The court has jurisdiction of the parties and the subject matter of this action.

2.

The change in the use and occupancy of the building insured was a substantial increase in the risk.

3.

The burden is upon the plaintiffs to establish that the agent had real or apparent authority to bind his principal. American National Ins. Co. v. Laird, Ark.1958, 311 S.W.2d 313; Jackson v. Farmers Union Mutual Ins. Co., Ark.1957, 306 S.W.2d 693; American Ins. Co. v. Hornbarger, 85 Ark. 337, 108 S.W. 213; American Ins. Co. v. Hampton, 1890, 54 Ark. 75, 14 S.W. 1092. Before an insured may rely upon apparent authority of an agent, it must appear that the principal knowingly permitted the agent to act as having the authority, and further that a person dealing with the agent acting in good faith would have reason to believe, and did in fact believe, that the agent possessed the necessary authority. Central Surety & Ins. Corp. v. O. & S. Wholesale Co., Inc., 1937, 193 Ark. 523, 101 S.W.2d 167, and cases there cited. Where the policy itself negates the authority of an agent to waive its provisions, those who deal with such agents must determine at their own risk the extent of the agent’s authority. See National Life & Accident Ins. Co. v. Broyles, 1930, 197 Ark. 113, 122 S.W.2d 603, and cases cited; National Union Fire Ins. Co. v. School District No. 55, 1916, 122 Ark. 179, 182 S.W. 547, L.R.A.1916D, 238.

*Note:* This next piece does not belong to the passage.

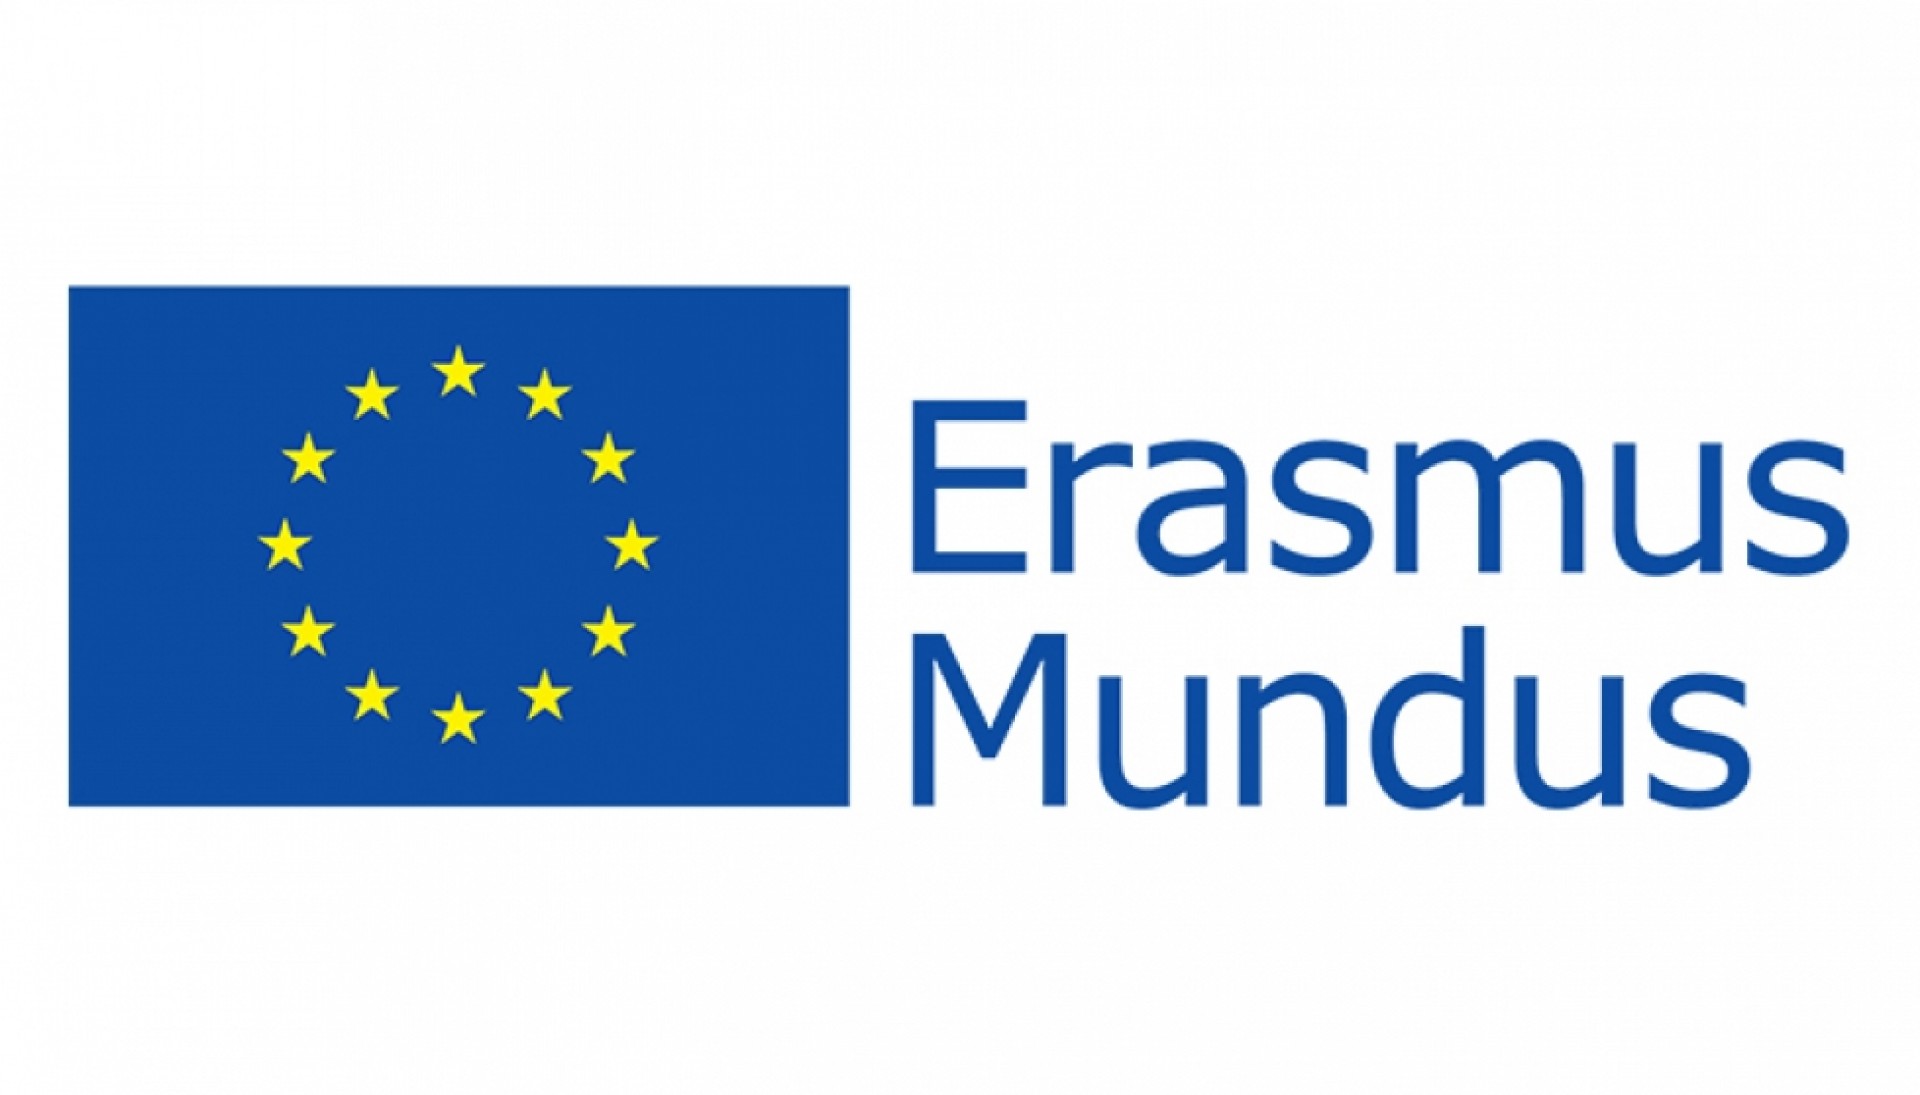 Giành Cơ Hội Học Bổng Thạc Sĩ Erasmus Mundus 2016 - 2017 Đi Các Nước Châu Âu

The plaintiffs failed to sustain the burden of showing real or apparent authority upon the part of the defendant’s agent, Pinkley, to waive the policy provisions or to accept notice on behalf of the company.

4.

The knowledge of a soliciting agent is not imputed to the principal. Sadler v. Fireman’s Fund Ins. Co., 1932, 185 Ark. 480, 47 S.W.2d 1086. Where an agent has authority to solicit insurance, receive and write applications for insurance, and forward them to a general agent or home office for approval, to deliver the approved policy and collect the premium, he is a soliciting agent only, and proof of such facts does not show any authority on his part to waive the provisions of the policy. See American Ins. Co. v. Hampton, 1890, 54 Ark. 75, 14 S.W. 1092; Inter-Southern Life Ins. Co. v. Holzhauer, 1928, 177 Ark. 927, at page 935, 9 S.W.2d 26; American Ins. Co. v. Hornbarger, 1908, 85 Ark. 337, 108 S.W. 213. Pinkley, the defendant’s agent, was a soliciting agent not empowered to waive policy provisions, and notice to him of policy violations cannot be imputed to the defendant.

5.

The policy and rights therein were forfeited from the time of the change in use and occupancy which increased the hazard without notice to or waiver by the defendant. The plaintiffs are, therefore, entitled to recover nothing of and from the defendant, and the plaintiffs’ complaint should be dismissed.

A judgment in accordance with the above should be entered.